EXERCISE GOAL: When the line with "Bigen Women's Speedy" turns up below, begin repeating exactly, and carry on through the line with "Япония волейбол мужчины."; no pictures go into the copy.

RECORD SET:

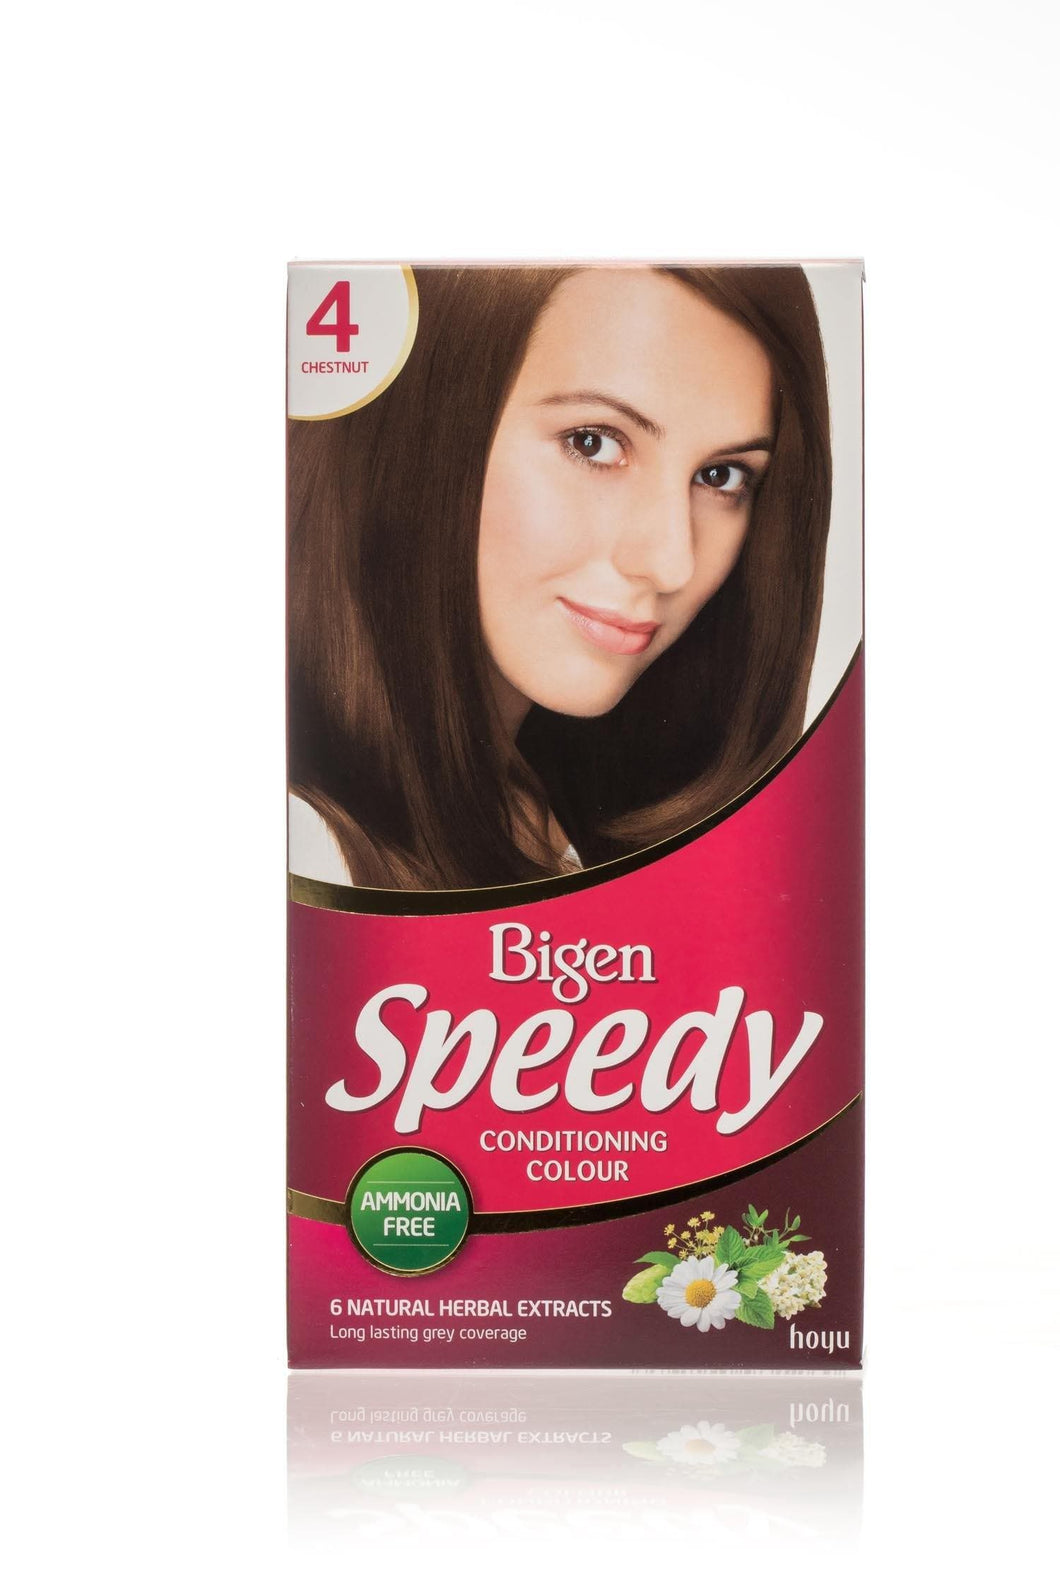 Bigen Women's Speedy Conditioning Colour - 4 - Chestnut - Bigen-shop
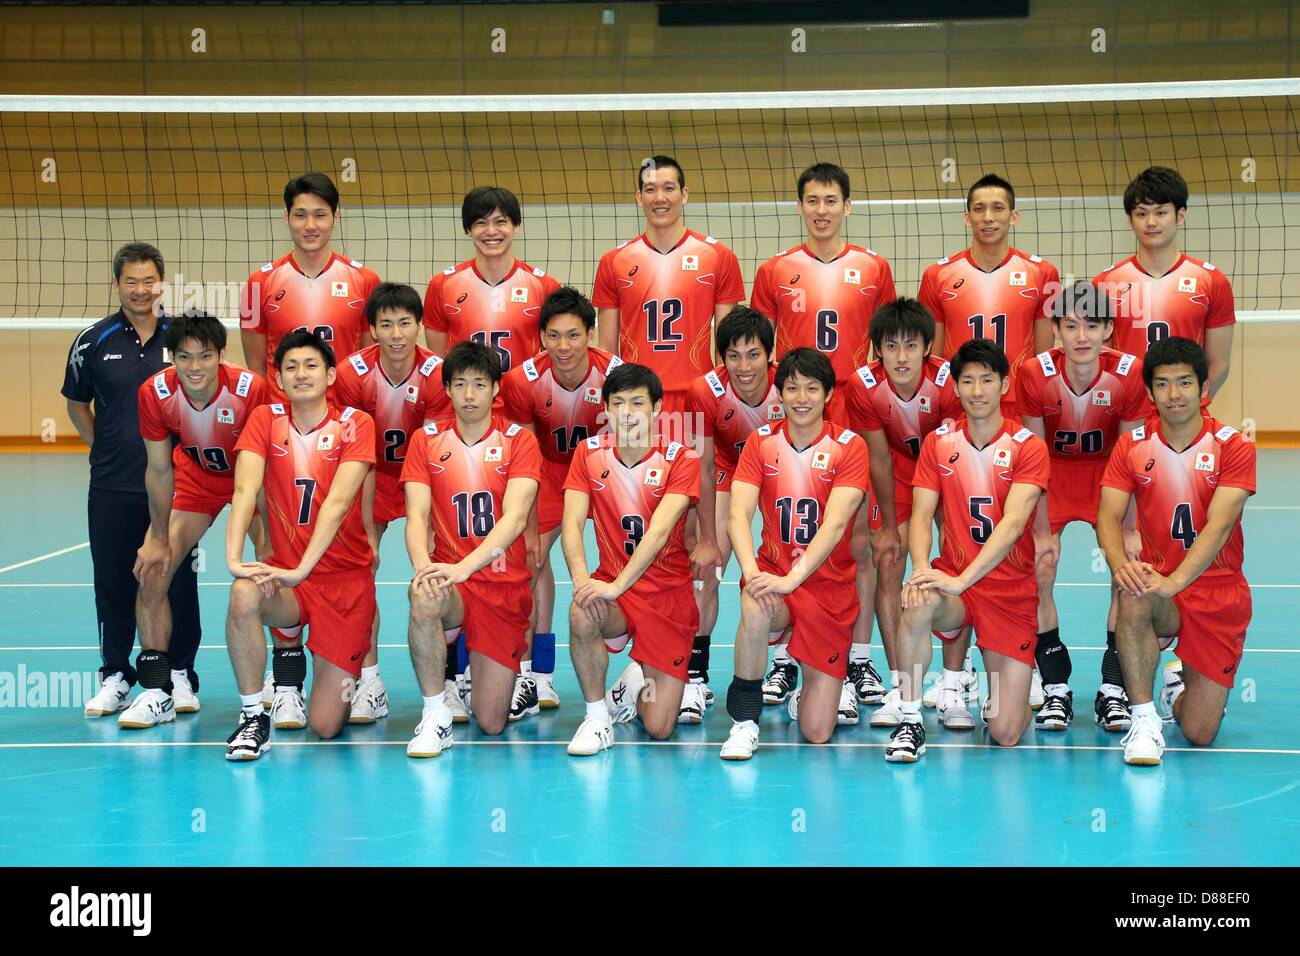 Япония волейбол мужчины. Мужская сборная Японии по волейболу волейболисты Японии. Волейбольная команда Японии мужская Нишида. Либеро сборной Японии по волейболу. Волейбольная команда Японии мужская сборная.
...
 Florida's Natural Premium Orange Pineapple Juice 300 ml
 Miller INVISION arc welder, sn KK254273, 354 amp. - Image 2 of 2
--
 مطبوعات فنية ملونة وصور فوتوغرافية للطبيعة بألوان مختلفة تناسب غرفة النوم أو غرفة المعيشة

RESULT:
 Bigen Women's Speedy Conditioning Colour - 4 - Chestnut - Bigen-shop
 Япония волейбол мужчины. Мужская сборная Японии по волейболу волейболисты Японии. Волейбольная команда Японии мужская Нишида. Либеро сборной Японии по волейболу. Волейбольная команда Японии мужская сборная.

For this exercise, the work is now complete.